In new tank set-ups with little nutrition(including fish poop) growth takes time.

Last Note: the crown or bulb(as you refer to it)' can be under the substrate with no effect. I noticed this with all my new runners. The plant does this naturally. 

Enjoy.


----------



## Kimchi24 (Mar 22, 2013)

Does the melting process actually take a month? this tank was set up last month and there was no melting until last week.


----------



## Reckon (Mar 6, 2013)

Tank parameters?
Dosing?
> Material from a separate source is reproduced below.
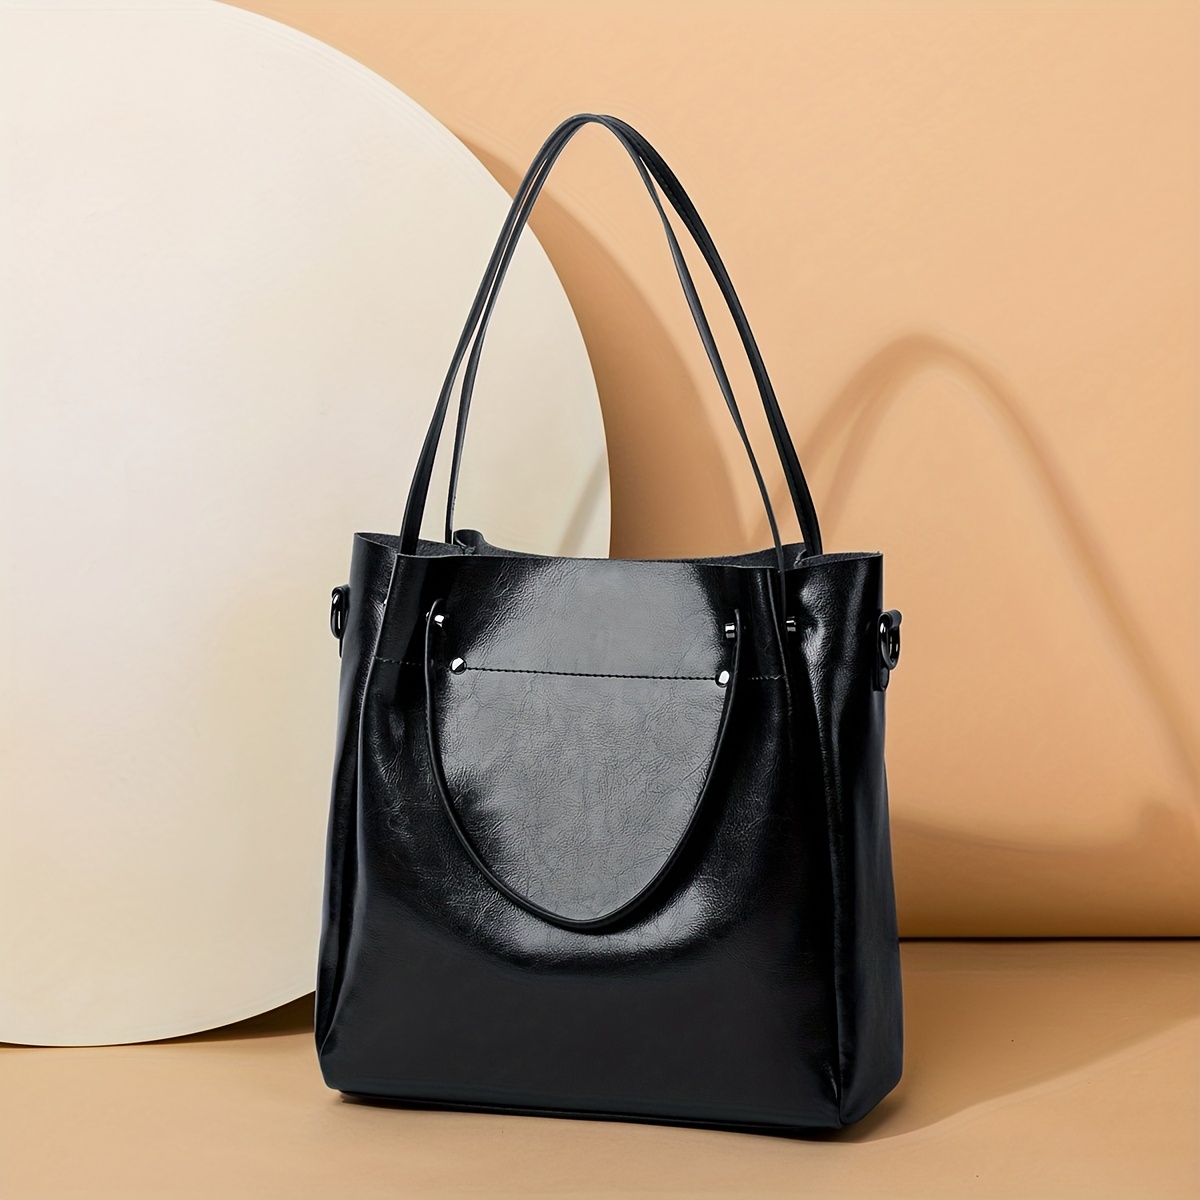 1pc Black Large Capacity Soft Tote With High-end Feeling Can Be Used As  Handbag, Shoulder Bag Or Crossbody Bag, Fashionable And Versatile For Four  Seasons And Commuting

Measured NO3 and PO4?
GH/KH?
How about a full tank shot so we can have a look at the health of your other plants?
The more robust plants can take more time to melt, probably due to adaptability, cell structure and how much nutrients they have in their reservoirs.
There can be many reasons for melt, and as said above sometimes older leaves melt as the plant adapts to new conditions. So the more information the better.


----------



## Kimchi24 (Mar 22, 2013)

Reckon said:


> Tank parameters?
> Dosing? Measured NO3 and PO4?
> GH/KH?
> How about a full tank shot so we can have a look at the health of your other plants?
> ...


Full tank shot here http://gtaaquaria.com/forum/showthread.php?p=350567#post350567 and my parameters are ammonia-0, nitrite-0, and nitrate-10. Ph is at 6.5 and up dose sea chem flourish every other day. I don't have a kit so I can't measure po4 unfortunately. My other plants are fine but the dwarf sag is taking a beating. The thing that concerns me is that there is no new growth. Lights are on 8-10 hrs a day with co2 running at those times.


----------